Murthy Jeevan J, Engel Jake, DeFazio David, Mayers Keri
Department of Surgery, West Virginia University School of Medicine, Morgantown, USA.
Cureus. 2024 Jul 7;16(7):e64026. doi: 10.7759/cureus.64026. eCollection 2024 Jul.

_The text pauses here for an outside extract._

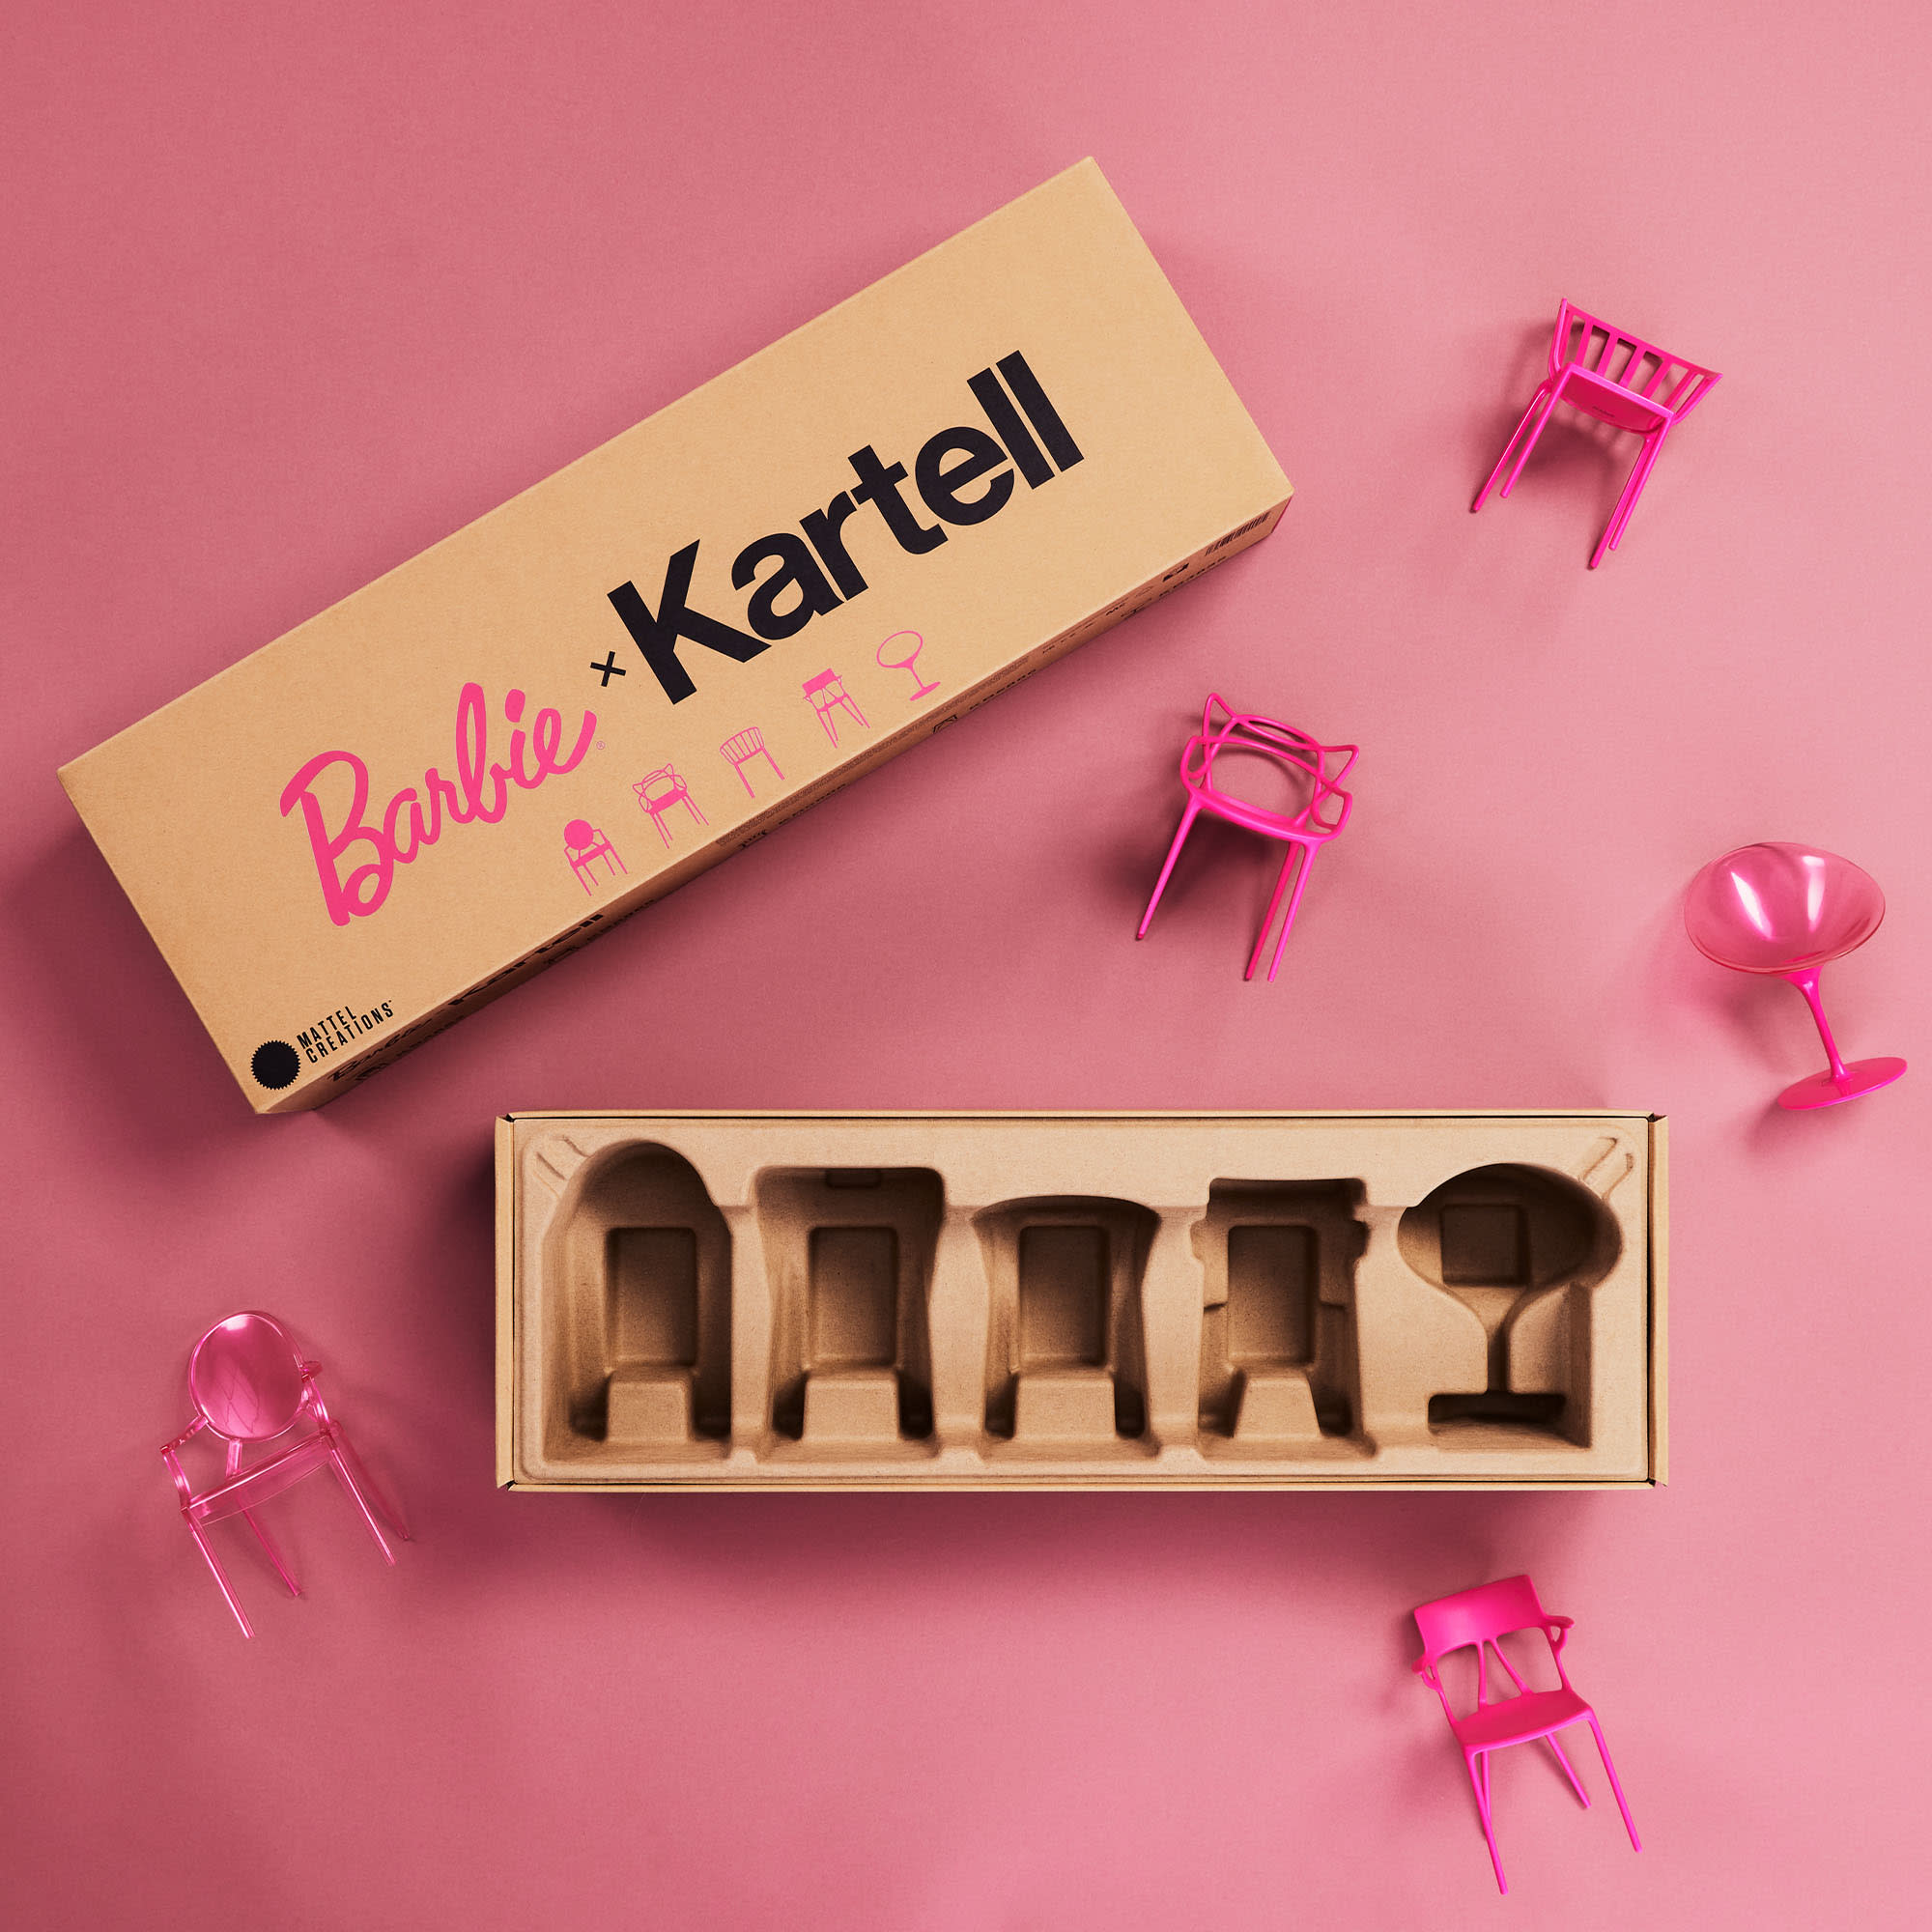 Barbie x Kartell 5-Piece Doll-Sized Chair Set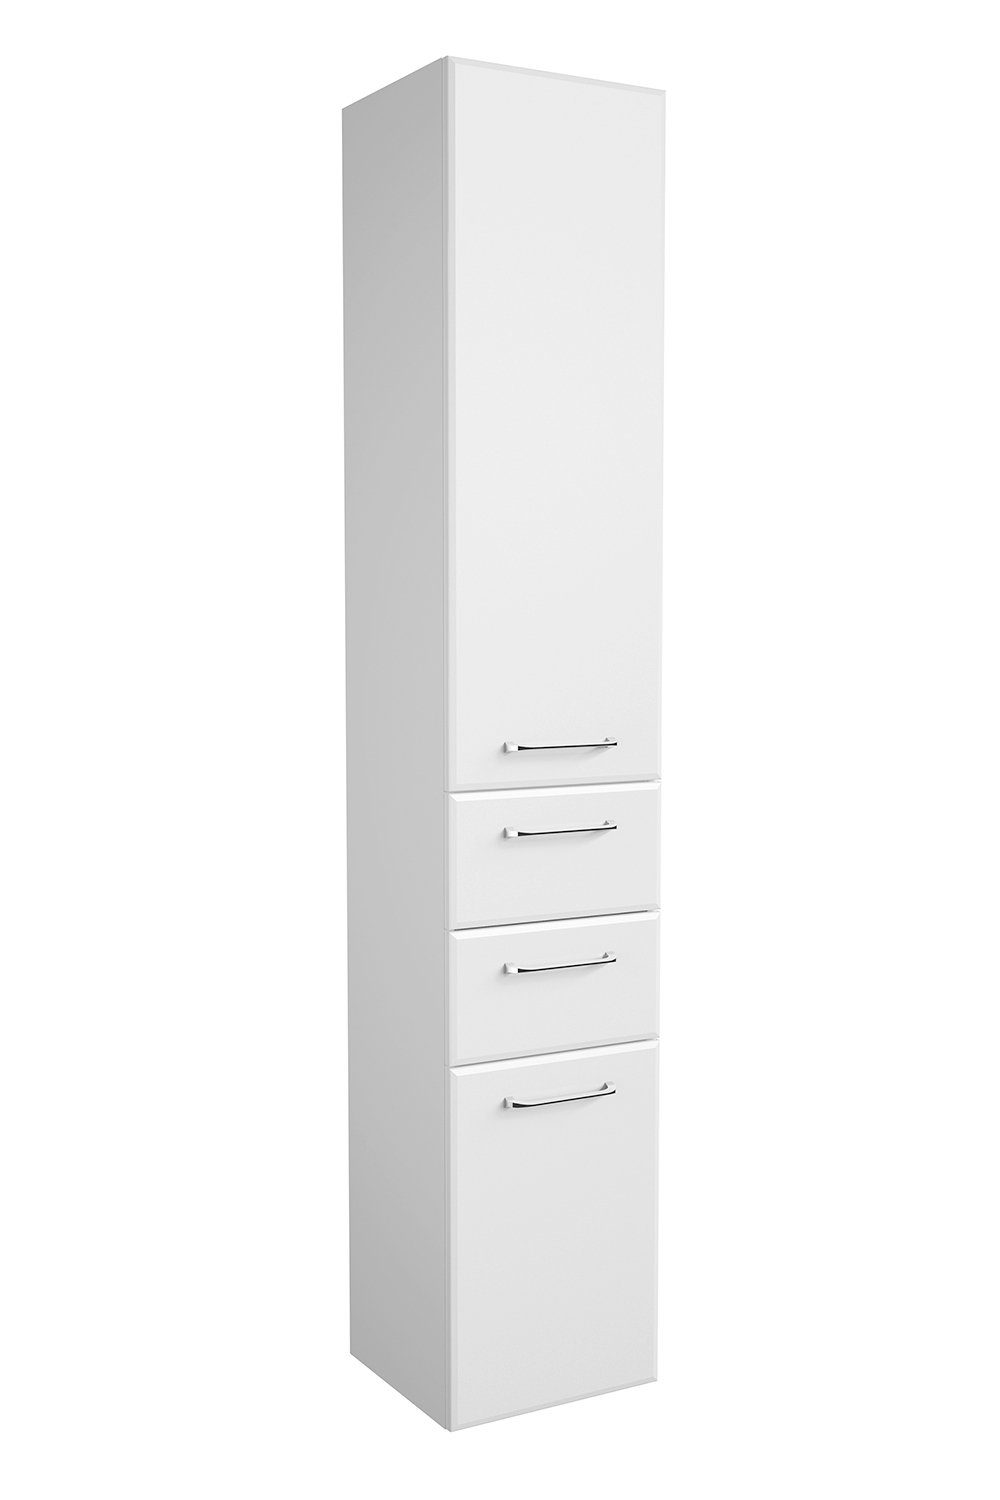 PELIPAL Hochschrank FILO, B 35 cm x H 186 cm, Weiß Hochglanz, 2 Türen, 2 Schubladen

Coloarticular fistula is a rare complication of the Hartmann procedure, reported in the literature only a few times. Risk factors may include underlying colonic malignancy and other proinflammatory conditions. Herein, we describe the case of a 78-year-old female with a recent history of total hip replacement, misdiagnosed Crohn's disease, and a Hartmann procedure for perforated diverticulitis who developed a psoas abscess. Further investigation, including gastrografin enema and computerized tomography, revealed significant fistulization between her hip prosthesis, rectal stump, adnexa, and cecum. Intervention required extensive interdisciplinary decision-making, and the patient underwent interventional radiology-guided abscess drainage, arthroplasty revision, and exploratory laparotomy.
结肠关节瘘是哈特曼手术罕见的并发症,文献中仅有少数几次报道。危险因素可能包括潜在的结肠恶性肿瘤和其他促炎病症。在此,我们描述了一例78岁女性病例,她近期有全髋关节置换史,曾被误诊为克罗恩病,因穿孔性憩室炎接受了哈特曼手术,之后发生了腰大肌脓肿。进一步检查,包括泛影葡胺灌肠造影和计算机断层扫描,发现其髋关节假体、直肠残端、附件和盲肠之间存在严重的瘘管形成。治疗需要广泛的多学科决策,患者接受了介入放射学引导下的脓肿引流、关节成形术翻修和剖腹探查术。